Luman felt a growing suspicion like a tickling sensation in the pit of his stomach. “Was he wearing a tall hat? A tall hat and a red blanket?”

The freckled child nodded.

Luman took a deep breath and exhaled slowly. Then he stepped back to make room for the operation of the rod, gripped its fork with his two hands, and pointed its shaft out, parallel with the ground. “Was this Ashtar once a Haudenosaunee named Dadgayadoh?”

The rod bobbed.

Luman felt light-headed. Dadgayadoh had been a good trader, an ambitious Company man from the Ohio Forks. He had become a draug . . . and then a tree.

Luman wanted to sit down. He almost wanted a drink to steady himself, but he had sworn off alcohol to his Memphite initiator, years earlier.

“So?” the girl who resembled Sarah asked. “Are you going to start a college of magic?”

Luman laughed at the incongruity, and then smiled. “You know what? Maybe I will.”

#

“I have not felt at home in many years,” Bill said.

“I regret that I was not able to make New Orleans a more accommodating place for you.” Cathy smiled at her betrothed. “I did try.”

They rode horses through the streets of Cahokia, he would not say to where. They crossed many-sided plazas and passed building after building in a state of partial construction; many had been shattered or burned by the Imperials or the beastkind, and more had been knocked flat by earthquakes. Cathy shielded herself from the rain with a baleen-framed umbrella that Bill had given her, while Bill relied on his coat and hat.

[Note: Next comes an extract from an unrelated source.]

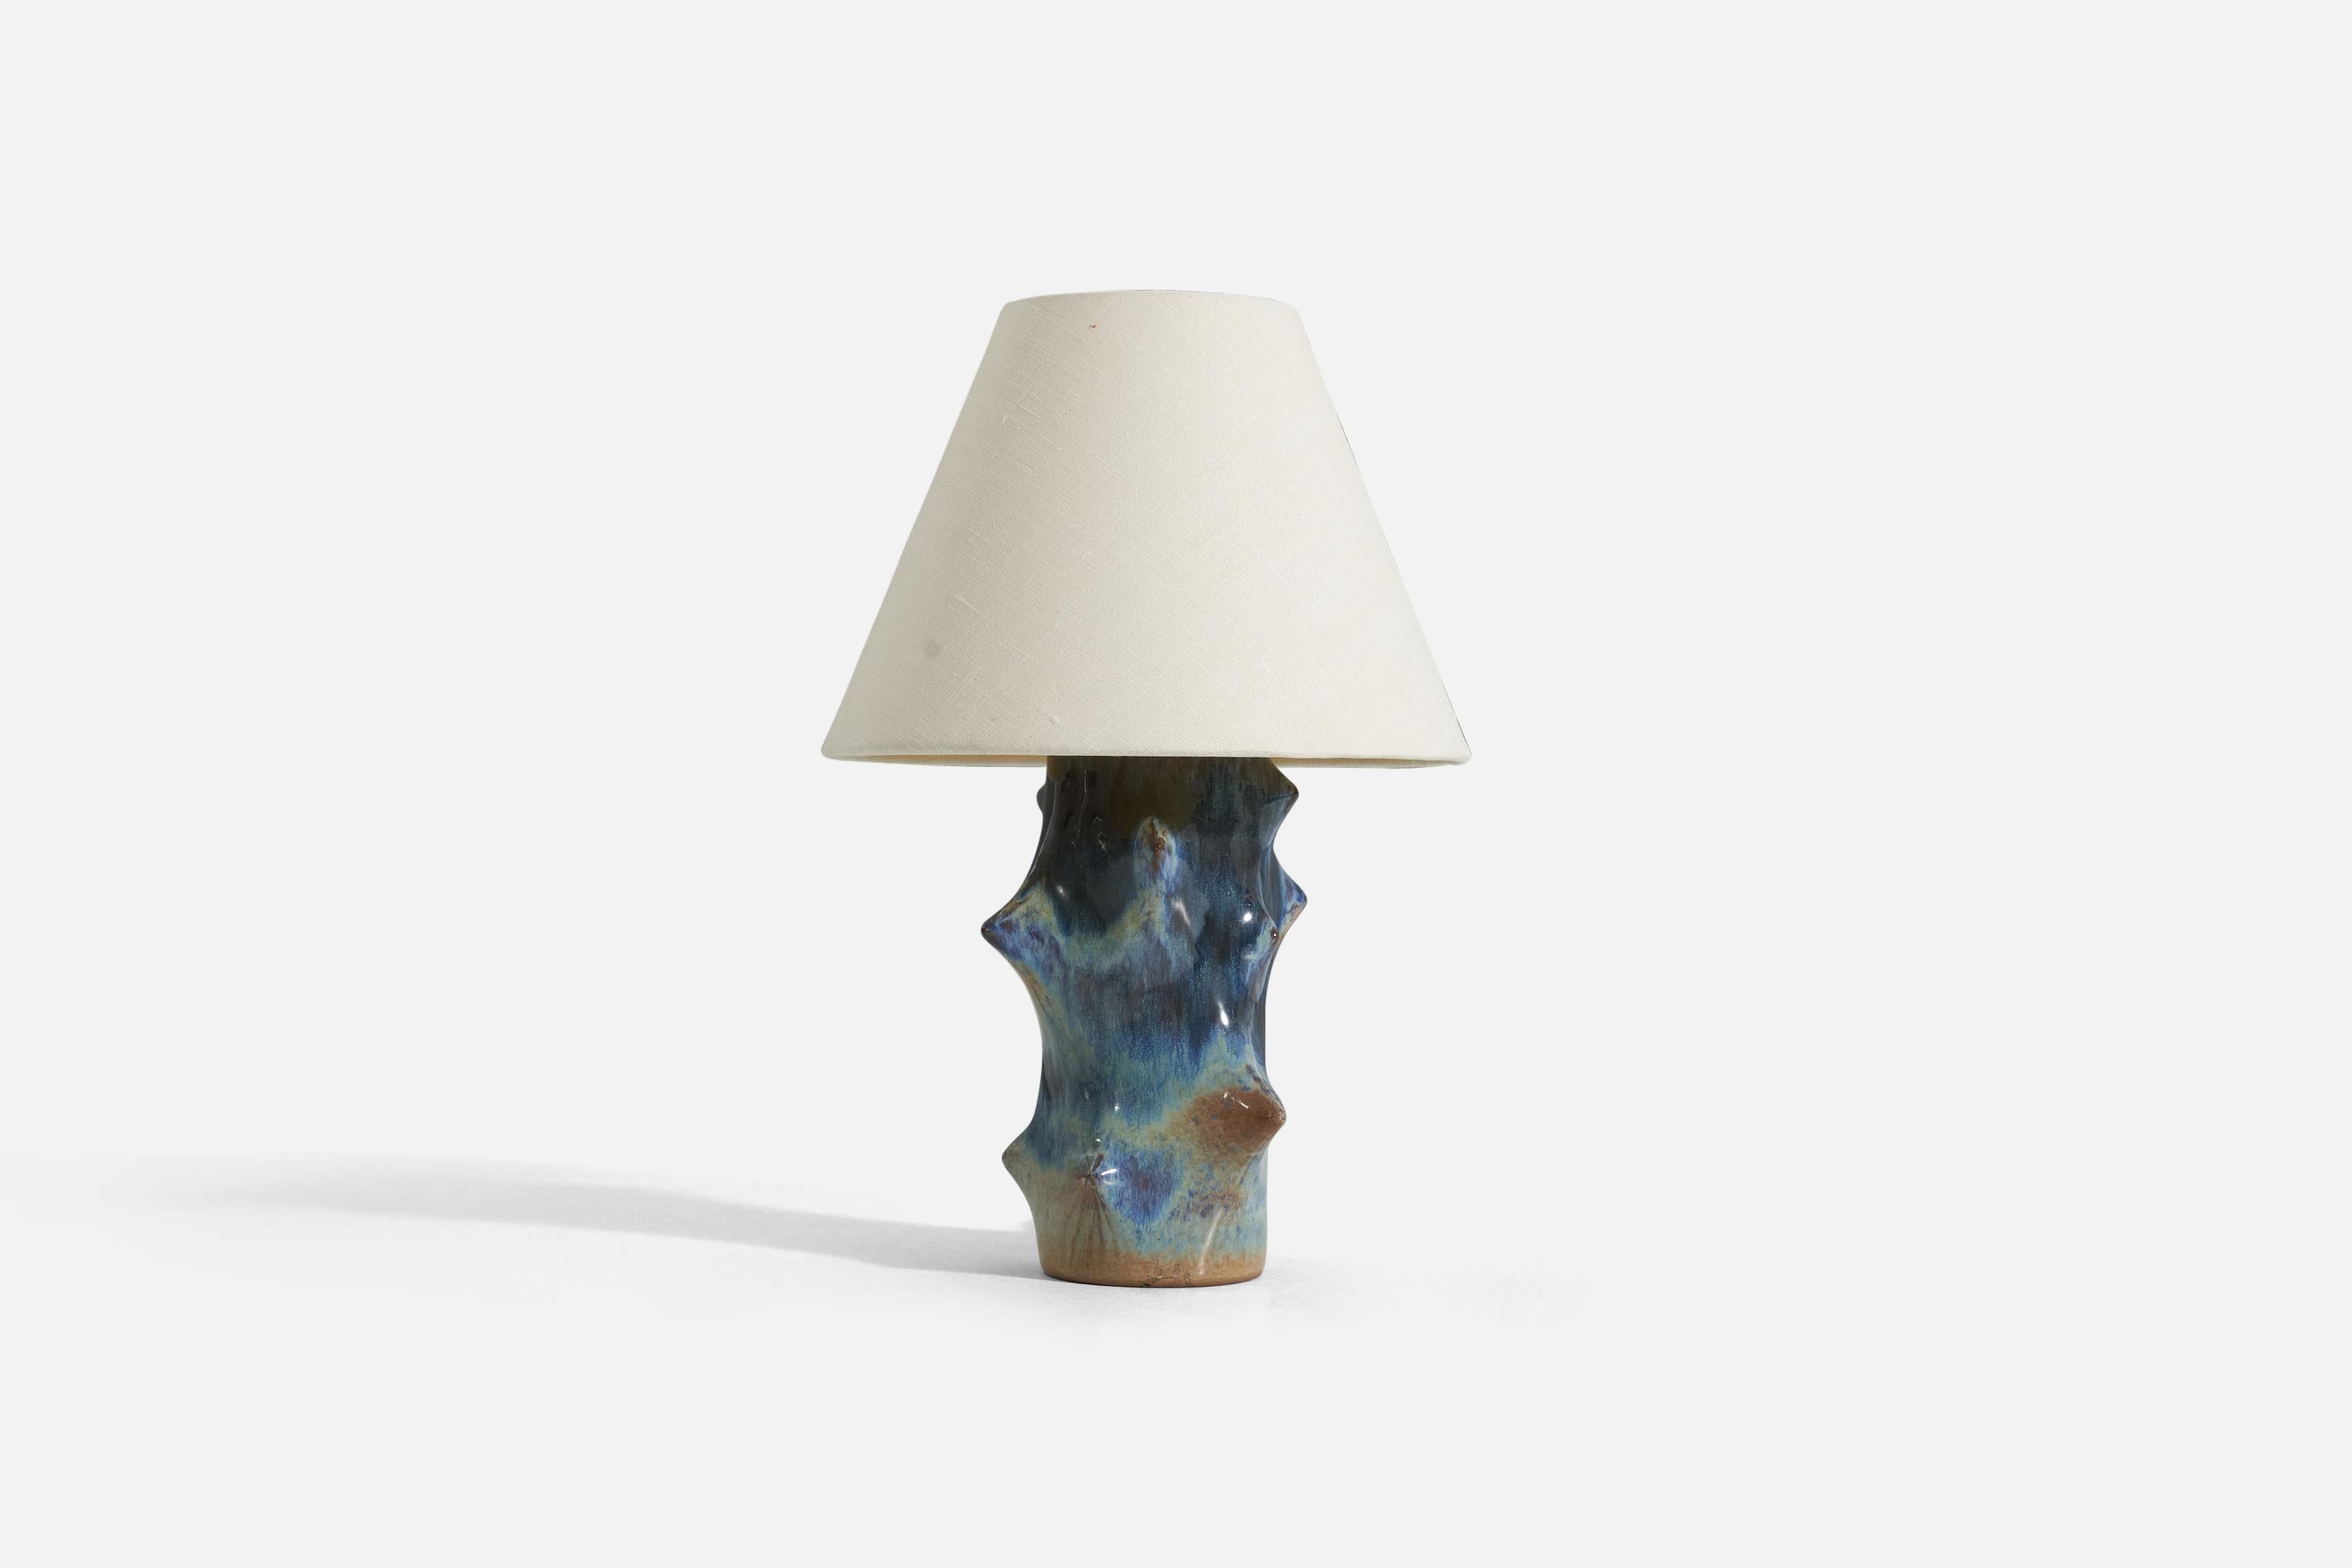 A blue and brown-glazed stoneware table lamp designed by Danish ceramicist Knud Basse, produced by Michael Andersen, Denmark in partnership with danish lamp manufacturer Lyfa. 

Measurements listed are of the lamp itself. Sold without

Bill laughed. “My lady, but for you, New Orleans was a hell on earth. But that is not what I mean. I am a soldier, and a cavalryman, and my life has been lived in saddle, tent, and hotel room. I am a man of Johnsland, but it is many years since I spent any significant time there. I need a home.”

He stopped his horse and Cathy stopped beside him. She reached out to touch his hand, big and muscular, and wet with cold rain. “I have felt the same.”

Bill nodded and took her hand. “I hoped you would say that. I hoped you might feel that this could become our home.”

She smiled at him. “Cahokia is our home, Bill. But truthfully, I would spend another twenty years in tent and saddle, so long as I could be with you.”

“Heaven’s finials, Cathy, I am so tickled at your words that I can scarcely bring myself to point out that you misunderstand me.”

Cathy’s heart skipped a beat, but her long practice at concealing uncertainty served her well, and her smile remained in place. “Whatever can you mean, my knight?”

“This.” Bill released her hand and gestured, and for the first time, Cathy really noticed the building beside which they had stopped. It was a low mound, of the Cahokian residential style — its first floor was half-sunk in the earth, with additional stories built atop it. Only this mound was wrecked and burned, its timbers askew in the mud and its thatch only vaguely remembered in tufts of scorched straw lying here and there. “I had hoped this could become our home.”

Cathy gasped. She tried to say something elegant, and couldn’t find words.